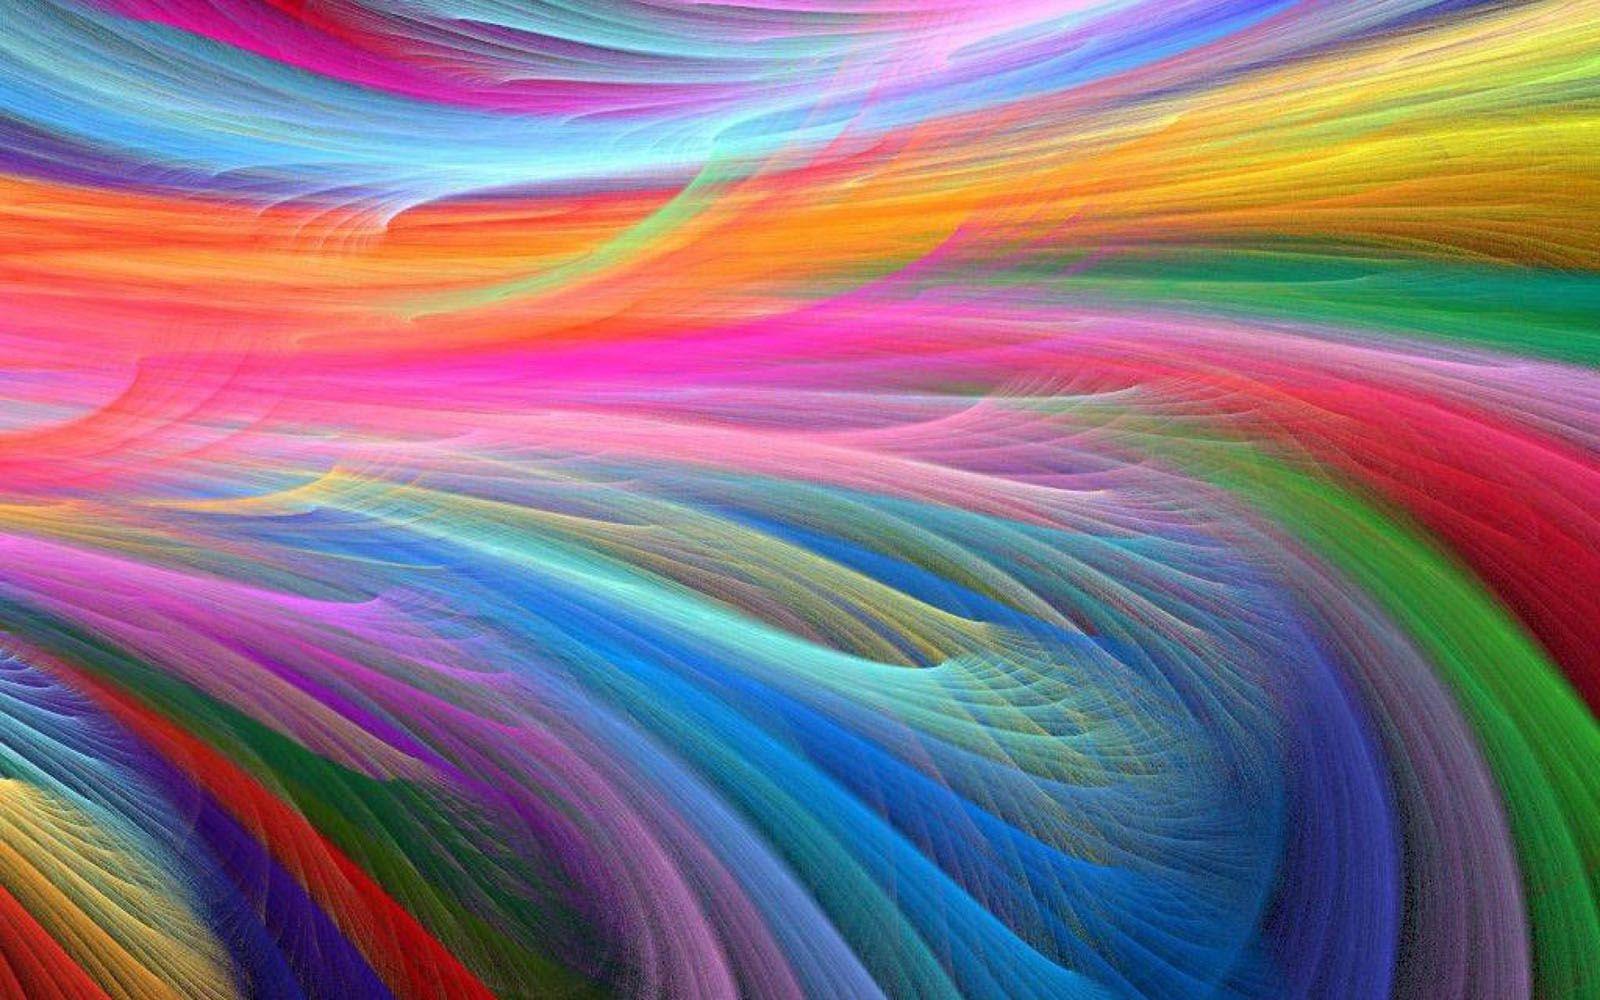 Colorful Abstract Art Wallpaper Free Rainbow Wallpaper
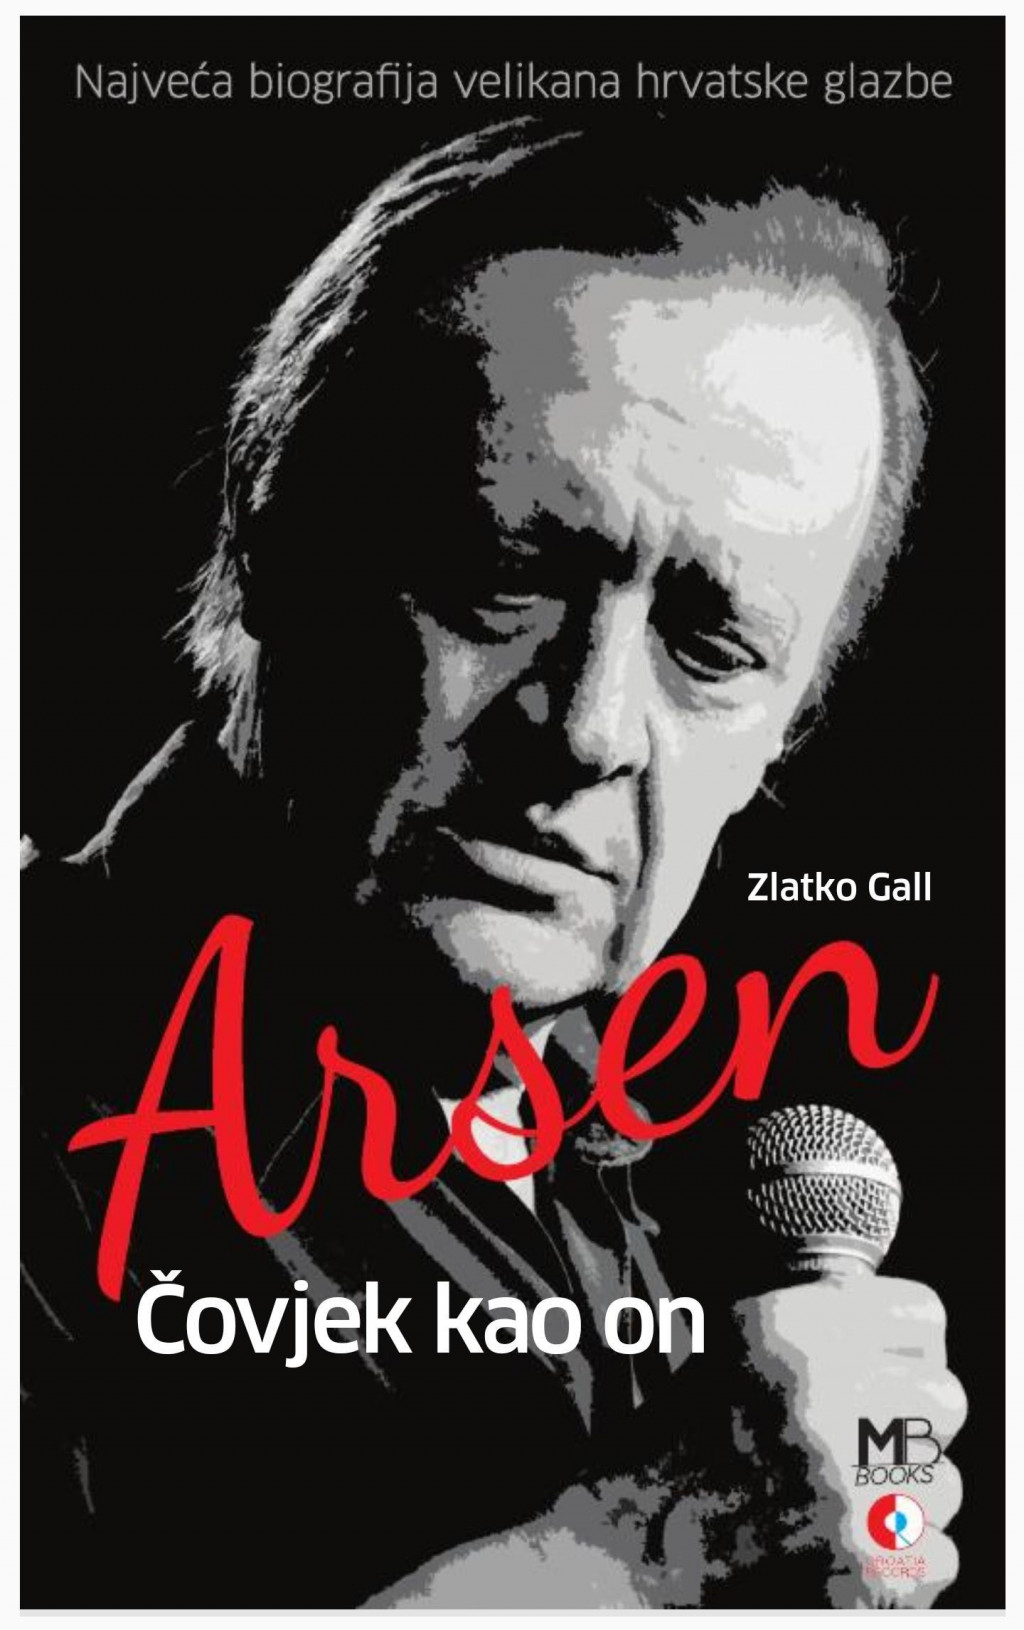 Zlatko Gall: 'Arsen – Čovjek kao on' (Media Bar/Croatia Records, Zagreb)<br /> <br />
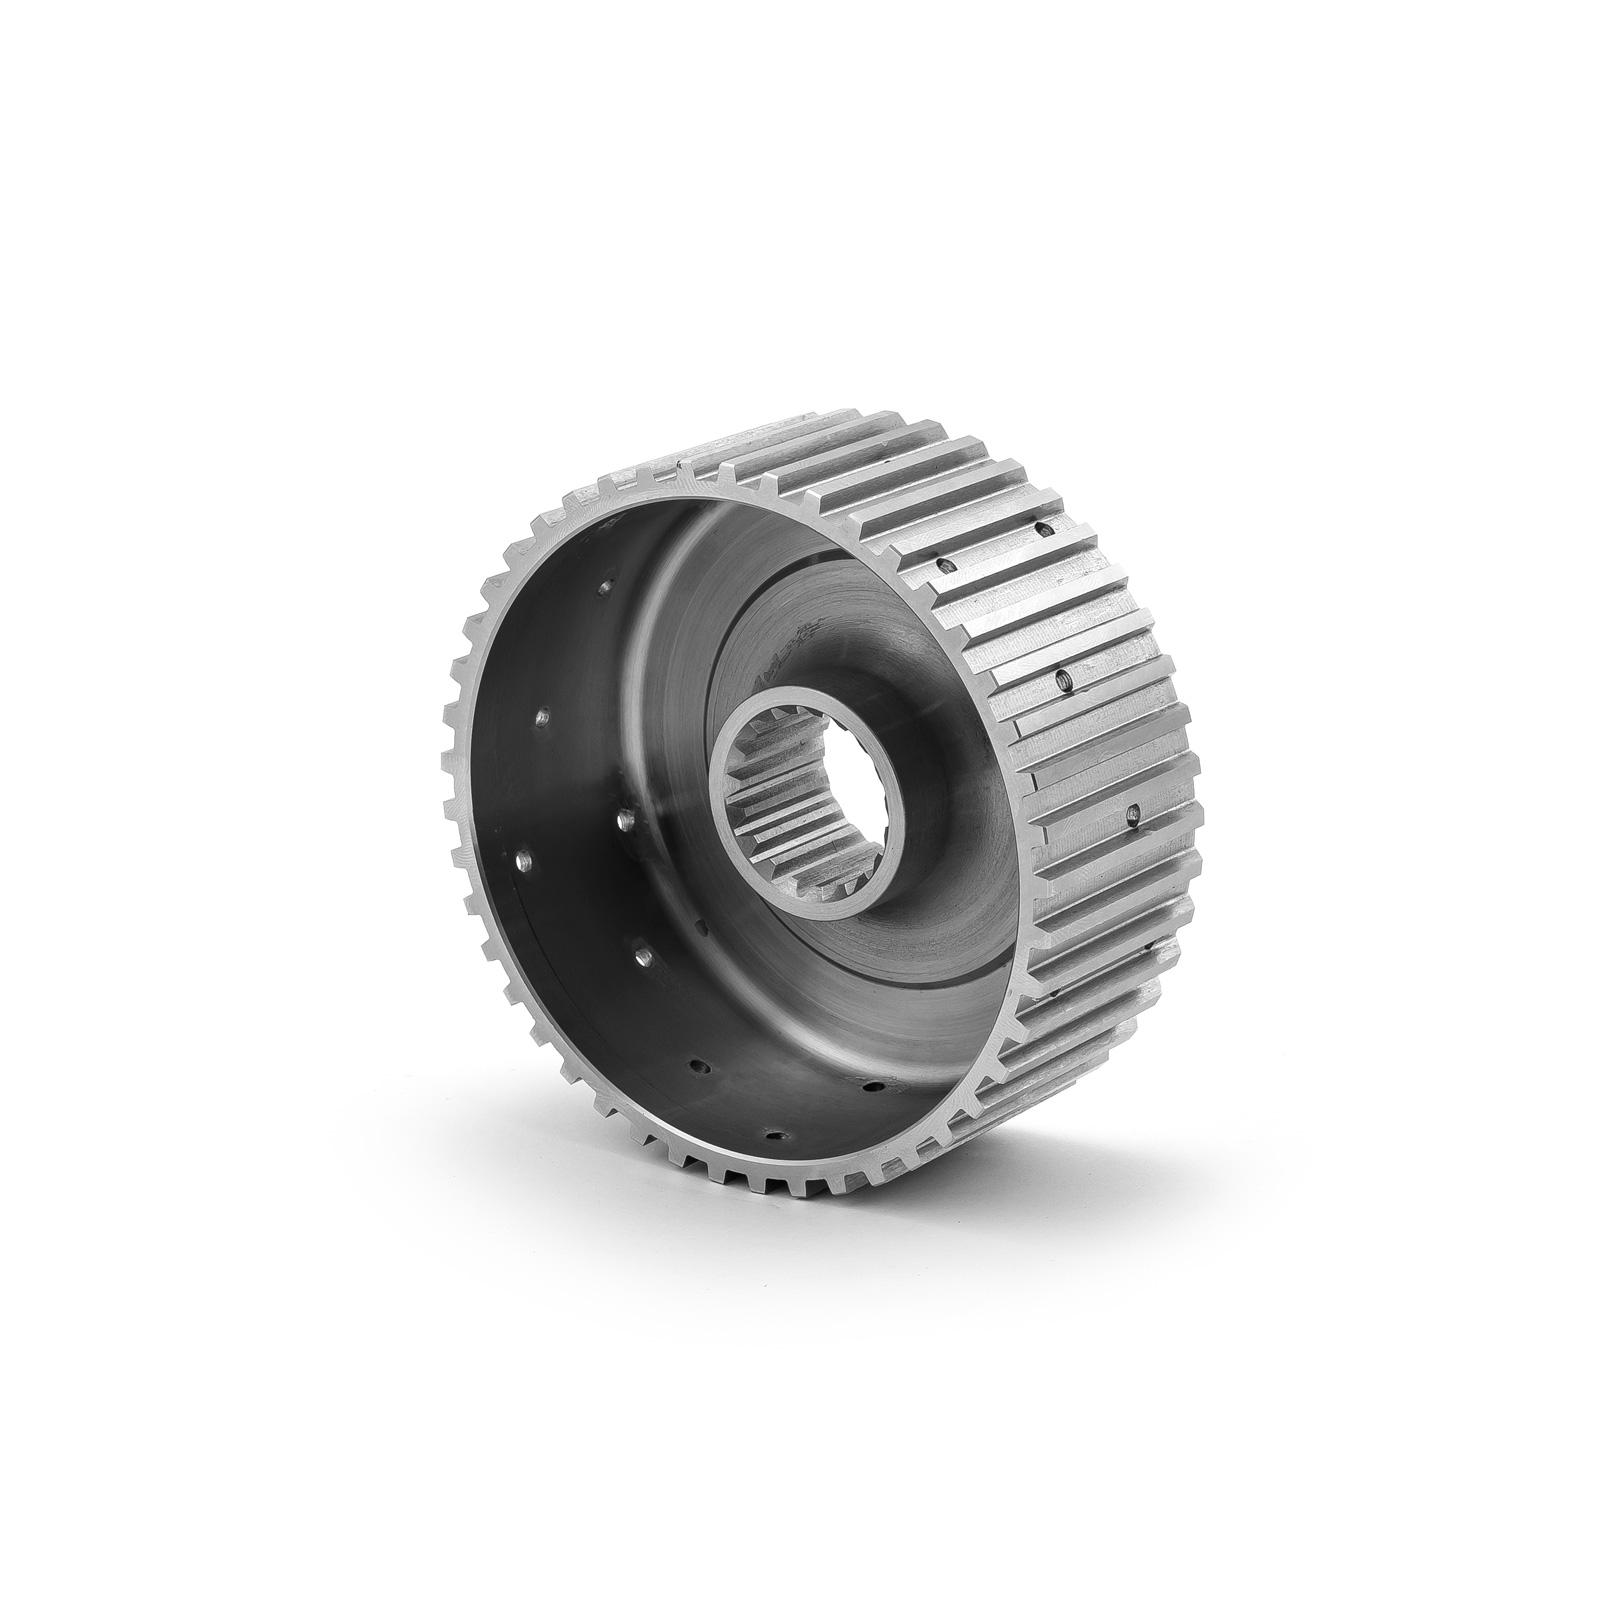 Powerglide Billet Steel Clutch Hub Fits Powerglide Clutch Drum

- [ABOUT THIS TASK]:
Pictures aside, reproduce all of the material above without alteration.

- [OUTPUT OF THE TASK]:
 Colorful Abstract Art Wallpaper Free Rainbow Wallpaper
 Zlatko Gall: 'Arsen – Čovjek kao on' (Media Bar/Croatia Records, Zagreb)<br /> <br />
 Powerglide Billet Steel Clutch Hub Fits Powerglide Clutch Drum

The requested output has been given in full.